Please keep in mind that the src/sc2_replaypack_processor.py
contains default flag values and can be customized with the following command line flags:
usage: sc2_replaypack_processor.py [-h] [--input_dir INPUT_DIR] [--output_dir OUTPUT_DIR]
[--n_processes N_PROCESSES]
Tool used for processing StarCraft 2 (SC2) datasets. with https://github.com/Kaszanas/SC2InfoExtractorGo
options:
-h, --help show this help message and exit
--input_dir INPUT_DIR (default = ../processing/directory_flattener/output)
Please provide input path to the directory containing the dataset that is going to be processed.
--output_dir OUTPUT_DIR (default = ../processing/sc2_replaypack_processor/output)
Please provide an output directory for the resulting files.
--n_processes N_PROCESSES (default = 4)
Please provide the number of processes to be spawned for the dataset processing.
Please keep in mind that the src/file_renamer.py
contains default flag values and can be customized with the following command line flags:
usage: file_renamer.py [-h] [--input_dir INPUT_DIR]

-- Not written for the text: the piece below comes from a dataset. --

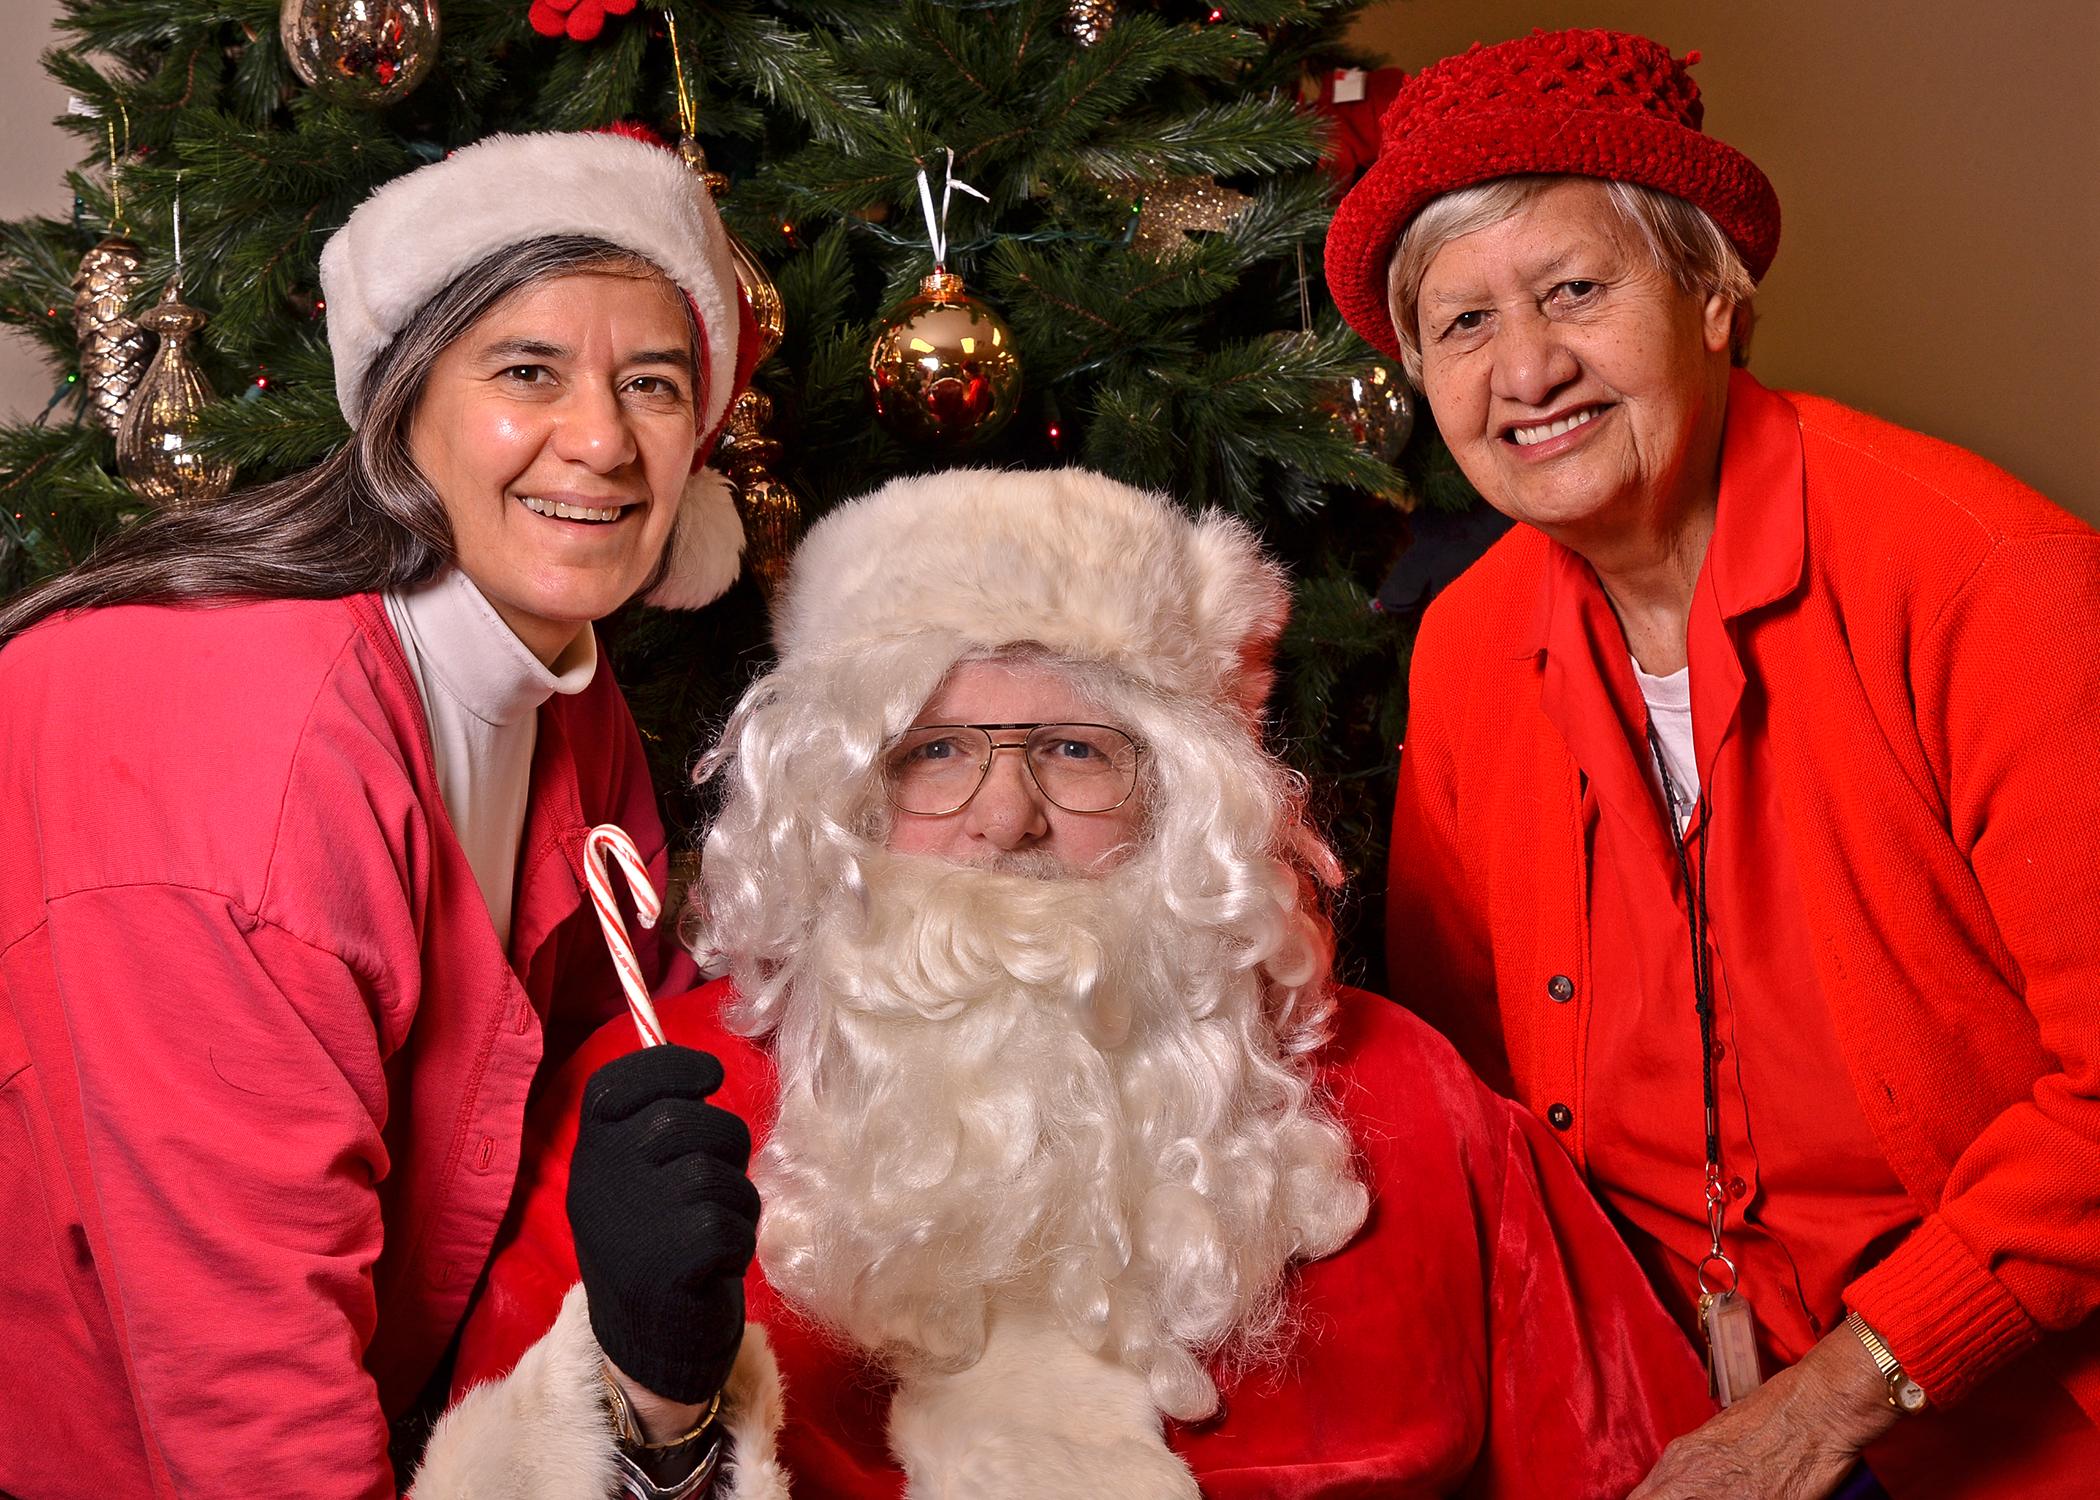 Jenny _ Sally with Santa.JPG

Tool used for processing StarCraft 2 (SC2) datasets with https://github.com/Kaszanas/SC2InfoExtractorGo
options:
-h, --help show this help message and exit
--input_dir INPUT_DIR (default = ../processing/sc2_replaypack_processor/output)
Please provide input path to the directory containing the dataset that is going to be processed.
Please keep in mind that the src/file_packager.py
contains default flag values and can be customized with the following command line flags:
usage: file_packager.py [-h] [--input_dir INPUT_DIR]
Tool used for processing StarCraft 2 (SC2) datasets. with https://github.com/Kaszanas/SC2InfoExtractorGo
options:
-h, --help show this help message and exit
--input_dir INPUT_DIR (default = ../processing/sc2_replaypack_processor/output)
Please provide input path to the directory containing the dataset that is going to be processed by packaging into .zip archives.
Please keep in mind that the src/json_merger.py
contains default flag values and can be customized with the following command line flags:
usage: json_merger.py [-h] [--json_one JSON_ONE] [--json_two JSON_TWO] [--output_filepath OUTPUT_FILEPATH]
Tool used for merging two .json files. Created in order to merge two mappings created by
https://github.com/Kaszanas/SC2MapLocaleExtractor
options:
-h, --help show this help message and exit
--json_one JSON_ONE (default = ../processing/json_merger/json1.json)
Please provide the path to the first .json file that is going to be merged.
--json_two JSON_TWO (default = ../processing/json_merger/json2.json)
Please provide the path to the second .json file that is going to be merged.
--output_filepath OUTPUT_FILEPATH (default = ../processing/json_merger/merged.json)
Please provide output path where sc2 map files will be downloaded.
Please keep in mind that the src/processed_mapping_copier.py
contains default flag values and can be customized with the following command line flags:
usage: processed_mapping_copier.py [-h] [--input_path INPUT_PATH] [--output_path OUTPUT_PATH]
Tool for copying the processed_mapping.json files that are required to define the StarCraft 2 (SC2) dataset.
options:
-h, --help show this help message and exit
--input_path INPUT_PATH (default = ../processing/directory_flattener/output)
Please provide input path to the flattened replaypacks that contain
procesed_mapping.json files.
--output_path OUTPUT_PATH (default = ../processing/sc2_replaypack_processor/output)
Please provide output path where processed_mapping.json will be copied.